Mortals can be so annoying. This I know as well as anyone. – I've called you fifty times, but you ignore me!
I smiled mockingly.
Kurt. That mortal thought he was my boyfriend after just one night with me. I'd been bored that Friday, so I'd decided to have some fun, that's all. He was good in bed, and the coldness of my body even appealed to him. On Sunday I invited him over to my place and that visit too ended up being a hot night. Monday morning, I shoved him out the door and threw his clothes out the window. But, what a misfortune, he seems to have fallen head over heels in love with me! And I, such a fool, gave him my number… How ridiculous!
And why do all these mortals, whom I use only for my physical needs and entertainment, all fall in love with me and call me like crazy? Stalking me at the penthouse where my flat is, stalking me at work. Over the past four years, I've become a well-known photographer in Canada and the US, and these types make me uncomfortable and have difficult conversations with clients. "Who's the guy hanging around here? Did he come to you? You know the rules – no privacy during shooting, etc." And you can't explain to people that all these idiots are there to have a relationship with me! Yeah, what's the big deal, what relationship? Idiots, I'm just playing with them, and when I've played with them, I get rid of the old toys. Should I kill them? No, I don't want to waste my precious time on that.

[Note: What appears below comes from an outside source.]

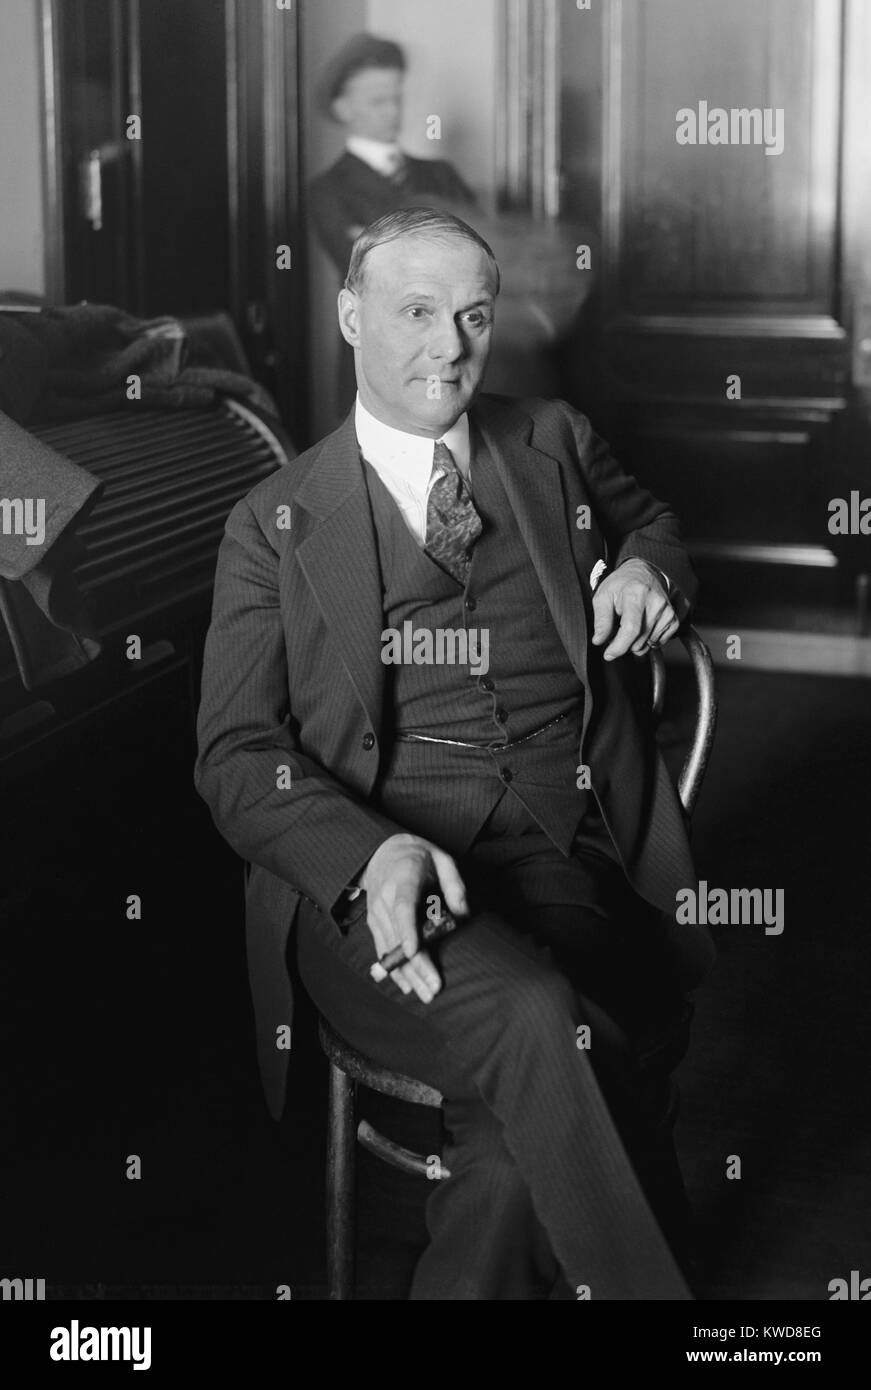 Tex Rickard, 1920er Jahre boxen Promoter erweitert das Publikum, indem Medien und öffentlichem Interesse. Photo Stockbild
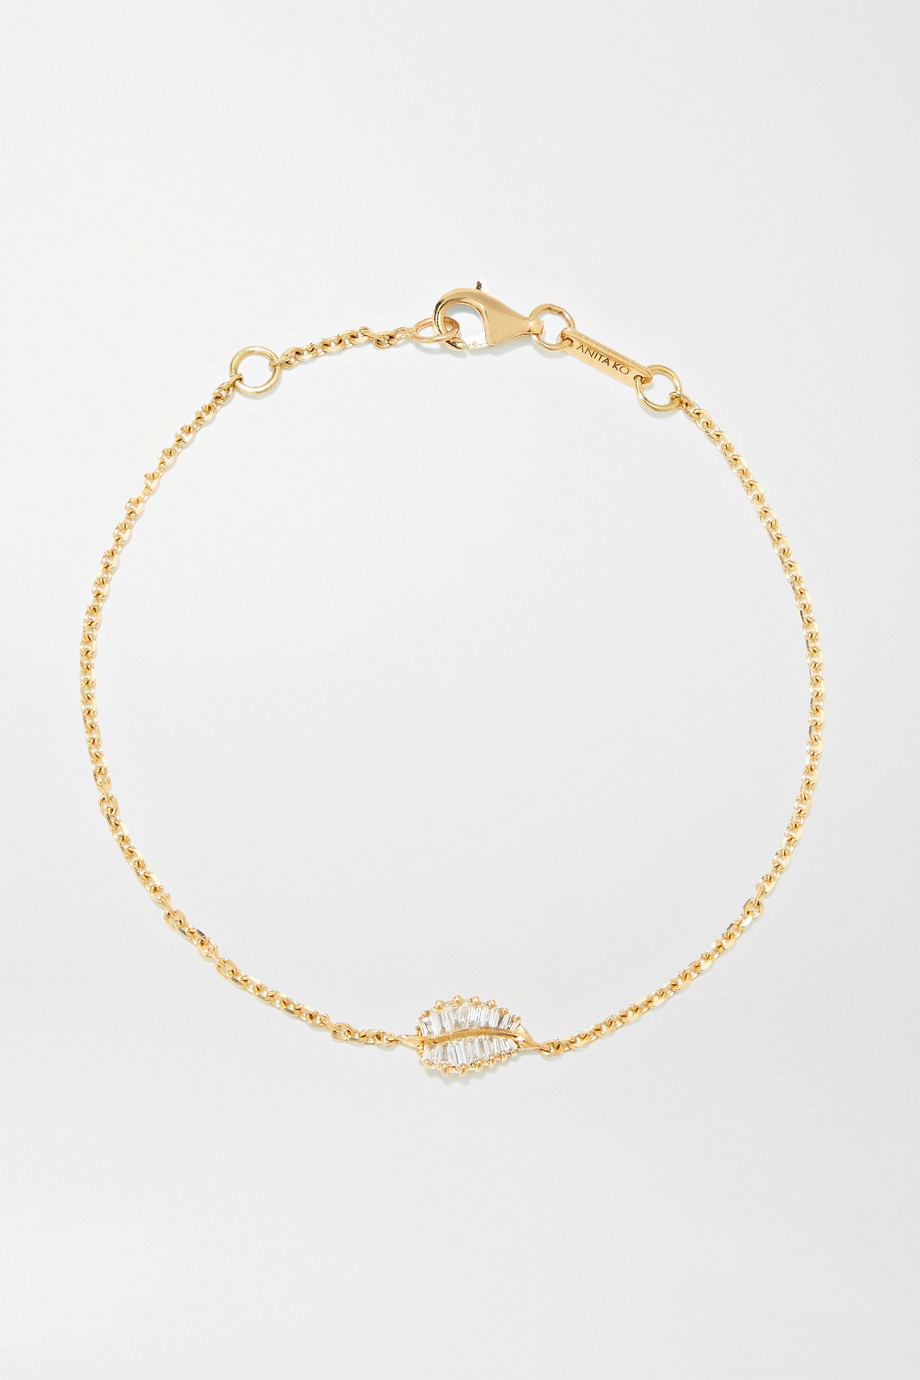 Anita Ko Palm Leaf Armband aus 18 Karat Gold mit Diamanten

They all admire me and call me a beautiful, unearthly, sexy devil they're willing to go to Hell for. My cool white skin attracts them like a magnet, they are ready to kiss my feet, to be my slaves. But the thing is, I don't care about them. Their admiration and love for me makes me laugh. Mortals demand my love! Demand that I become "constant" and not act "like an expensive whore". Ha! They dare to hope for my reciprocity. I never promise reciprocity, but I give honest and frank warning that I am looking for a one-night stand. I don't give an ounce of hope.
This Kurt, a twenty-five year old boy I met in a nightclub, thought I should be with him now. He waited for me right outside the entrance to the penthouse and blocked my way to the door with his stupid arrogance. Naive. But I was willing to play with him a little.
– Look, boy, forget my number and find yourself a nice, model girl. I suggest you look in the library-there are plenty of them," I replied to his passionate accusation with a laugh.
– You can't just forget me! – Kurt hooked his fingers into my forearm. – I can't think of anyone, anything, but you!
– How romantic! But boy, you're so stupid," I said in an affectionate tone, still letting him touch me.
– Stop calling me boy!
Passersby stared at this scene of jealousy with rapt attention and smiled.
Kurt was furious. I was enjoying this little game, but I was still a little tired of his voice and mannerisms.
– If I ever see you here again, boy, you're in trouble, okay? – I said insistently, wanting to get rid of him at last. – I'll call the police and I'll get the court to ban you from coming within a mile of me.
By the way, there's already a loser like that. Woody. DJ at Toronto's biggest nightclub. He stalked me for two months, but I successfully and easily won my case in court, and the lovesick idiot had to leave town. And with a tarnished reputation.
– Don't act like a whore!" Kurt suddenly shouted loudly.
That phrase made me laugh out loud. There it was! Once again!
– Miss Mroczek? – Fred came out of the massive wooden door to the penthouse.
Fred is my eternal saviour. The doorman. A six-foot-two big man who's used to chasing away pesky admirers. He's used to these scenes and to the fact that I, quite often, turn up at home with another man who disappears the very next morning. I suspect he's in love with me.